Legal value initiatives, while great for all in-house legal departments, often have even greater impact when executed by small legal departments. That was the case for the 14-person legal department in the Office of the General Counsel (OGC) at AARP, which found itself overwhelmed with service requests to review content, images, and video for distribution among multiple channels, even including text messaging. Many internal clients were waiting five days or more for the necessary approvals.
"OGC checks submission language to ensure articles, advertisements, and resources are developed in a non-commercial, nonpartisan manner; and that they adhere to internal policies designed to protect our non-profit tax status and mitigate other legal risk," says Associate General Counsel Doris Gilliam.
Seeking to improve the client experience and reduce wait times by reducing the number of service requests, Gilliam, Client Services Manager Larry Cohen and the OGC State Group, developed and implemented process, technology, and knowledge-sharing changes to automate lower-risk work. By providing client education and standardizing legal guidance, their project resulted in improved predictability and compliance.
The team had already chalked up a proven success with enabling self-service for contracts in 2013, which generated a workload reduction of 25 percent for the Office of the General Counsel (OGC), and a 400 percent increase in contract approval speed for clients. On the proven building blocks of that effort, Gilliam and Cohen with the support of the rest of the OGC team, developed "Train and Trust: Content QuickPath," which was piloted in 2015, launched in 2016, and fully implemented in 2017.
"We wanted to push the boundaries of just how far we could improve our internal service management, improve the overall client knowledge base, and improve client perception based on their experience," says Cohen.

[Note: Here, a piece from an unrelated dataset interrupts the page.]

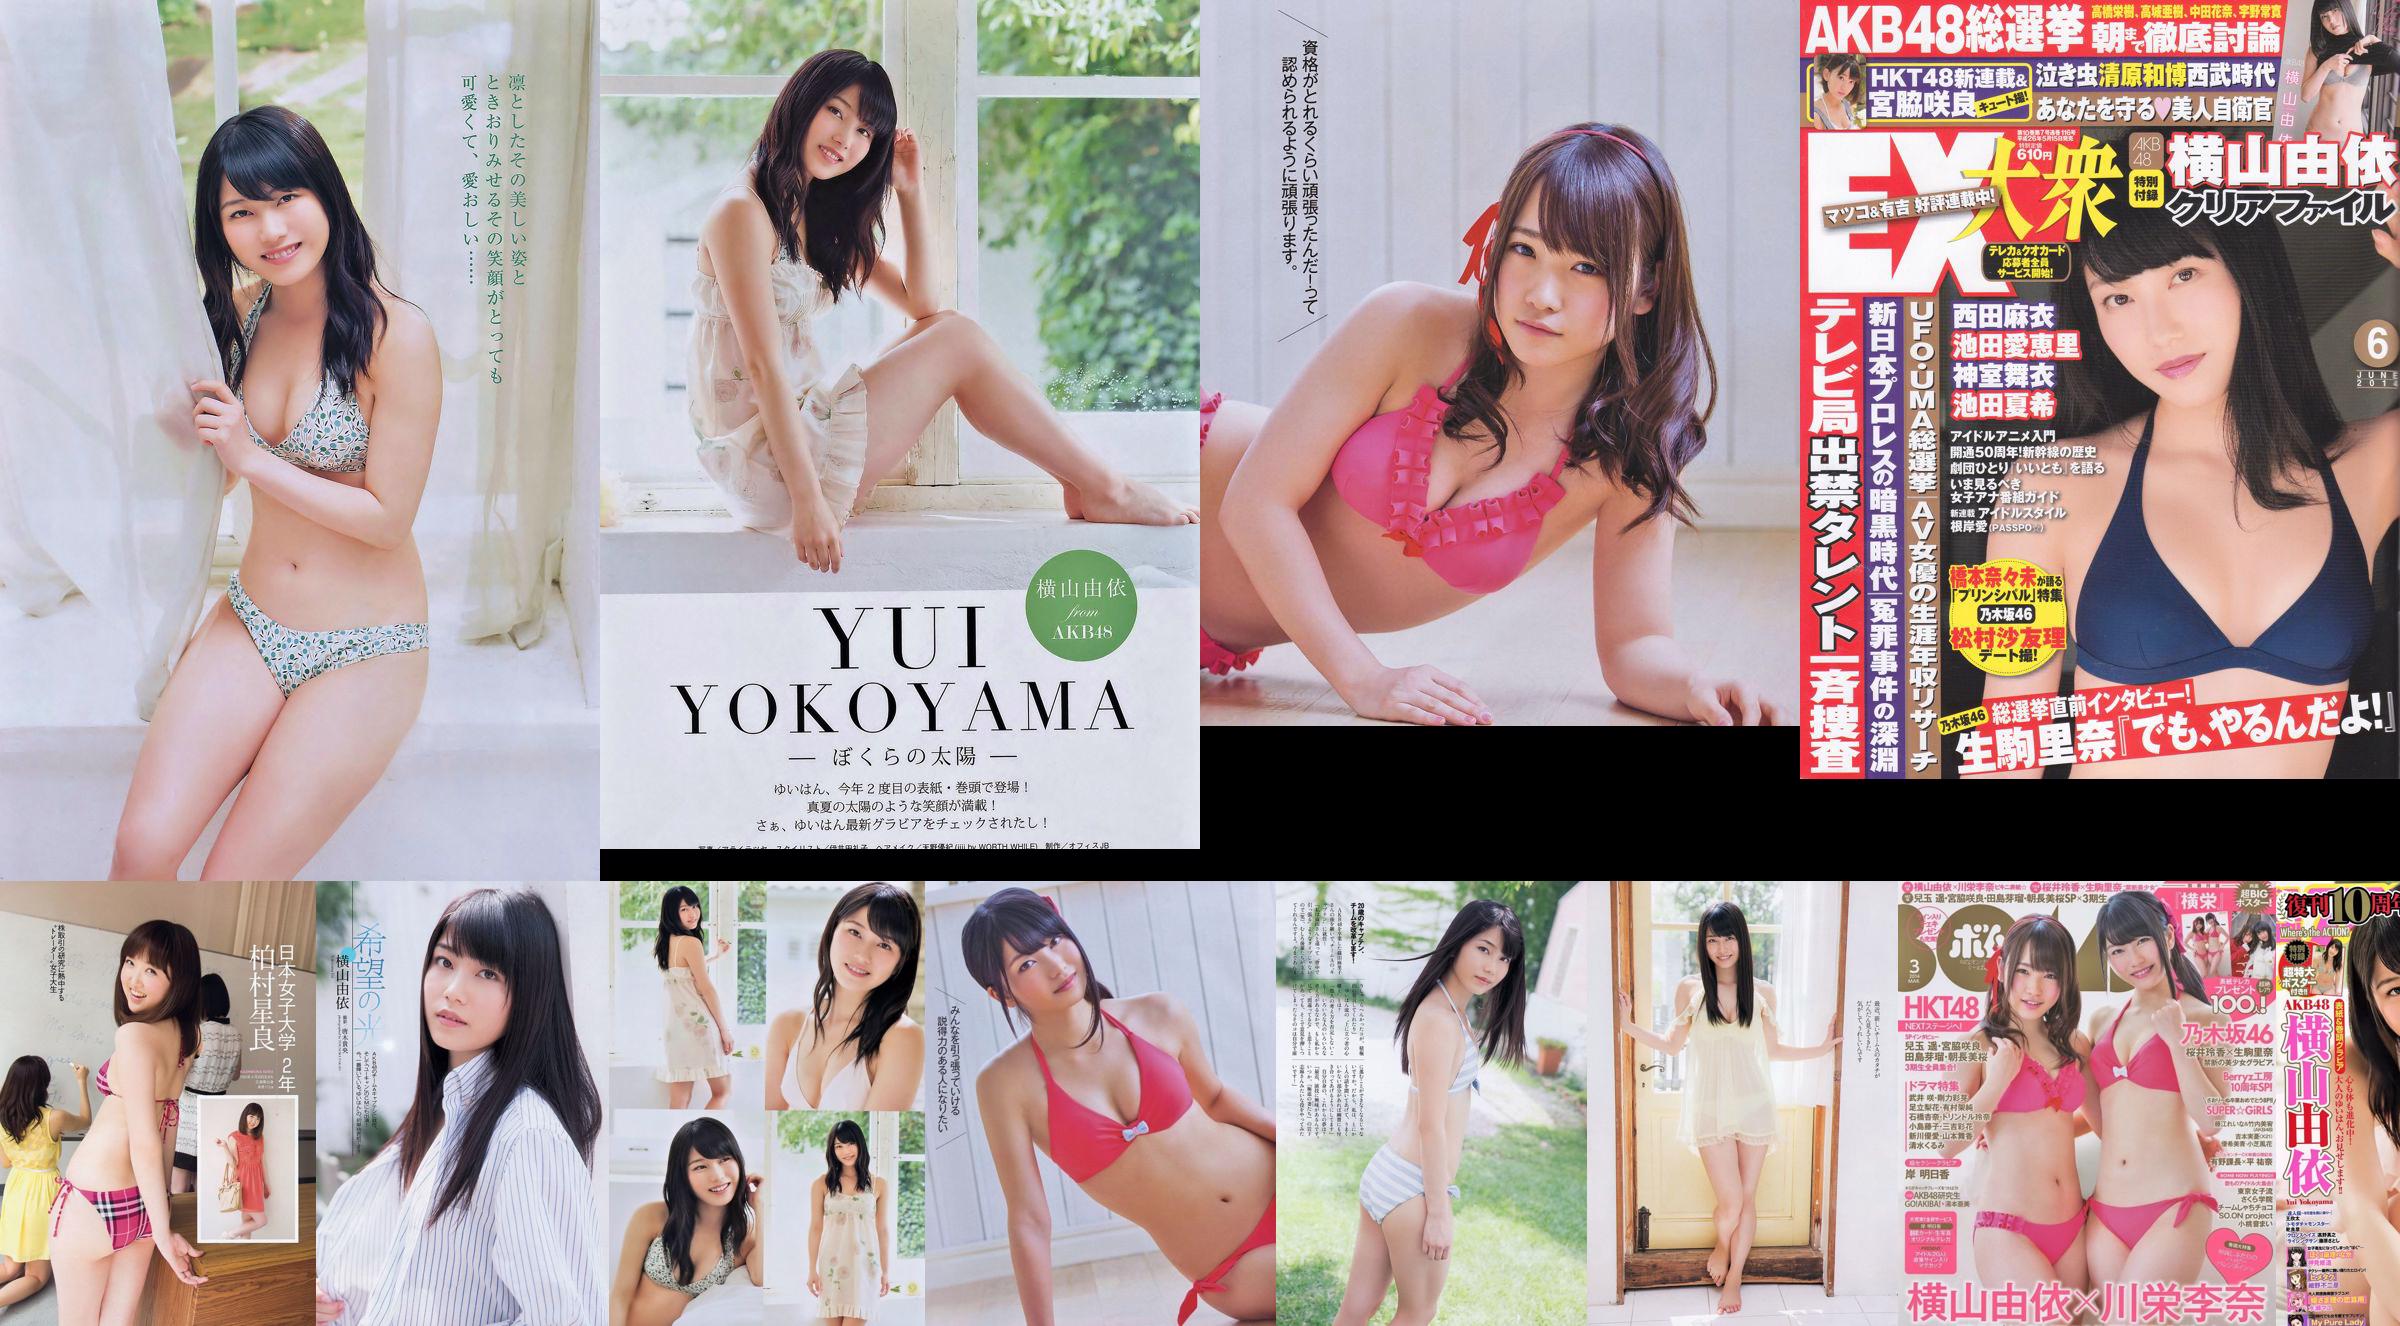 [Bomb Magazine] 2014 No.03 Fotografia di Yui Yokoyama Rina Kawaei No.d018a6 Pagina 5

To do that, the legal department offered something novel: a certification internal clients can earn to approve their own content based on clear guidelines. They do this by attending a two-hour, web-based training session with Gilliam; she delivered 11 of these sessions along with a former colleague in the first year, and has now trained 100 percent of the targeted client groups, totaling 243 people. Up to four mandatory quarterly training updates are required for individuals to maintain their certification, in addition to compliance with program guidelines.
"Some of our internal clients were already expert," says Gilliam. "Through training and education, we could confirm that expertise and talk everyone through the guidelines to move others forward."
Guidelines were designed by codifying the business rules the OGC legal team would apply when reviewing content. That step has forced standardization of business rules that can now be applied consistently across the organization, Cohen observes, as well as providing a standardized, predictable, repeatable experience for clients.
The team developed the rules, guidelines, and training program structure collaboratively with the Community, State and National Affairs client group over a year-long period. They baked risk tolerance into the program by establishing categories or tiers of content. Certified individuals may self-approve Tier 1 or Tier 2 content only; OGC prior review and approval is required for Tier 3 content, which is characterized by higher risk profile or complexity. The Tier 3 list is a living document that is continually updated.
Compliance is verified by a monthly audit of various platforms. Certified participants must submit content to a centralized email box for later audit and education. Gilliam also trains service teams, such as the AARP brand department.
The project team measures its success along several metrics, including training sessions delivered, certifications awarded, reduction in OGC service requests, and time savings for clients. Gilliam notes that Cohen has convinced her of the importance of metrics, and that the OGC team "decided to be vulnerable to client service ratings and feedback." In the first full year of implementation, their results were impressive:
- 36.7 percent reduction in service requests
- 90 percent of clients report significant time savings
- 25 percent of clients save a minimum of 1 to 2 business days in process time, while 32 percent reported time savings of more than 5 days
- Clients waited 1,403 fewer business days for content approvals in 2017 than in the year before.
"As our internal clients seek and act upon the opportunities and possibilities for change through innovation, our department must also find ways to function as a change agent. Content QuickPath provides an innovative approach to legal review that enables our clients to experience productivity and efficiency gains, which ultimately increase the impact of our social mission," says David Morales, Interim EVP and General Counsel.
For readers interested in pursuing similar initiatives, Cohen advises doing your homework. "It's critical to do a lot of analysis for these programs before launch to identify categories of work that make sense to convert to self-service," he says.
There have been other benefits for the legal department as well. "By eliminating some of the lower-risk work, our legal department work is now more stable and manageable, and the client experience has improved," Gilliam says. "Our team members have been able to work with internal business units to pursue new ideas and new initiatives that really help to move our mission forward."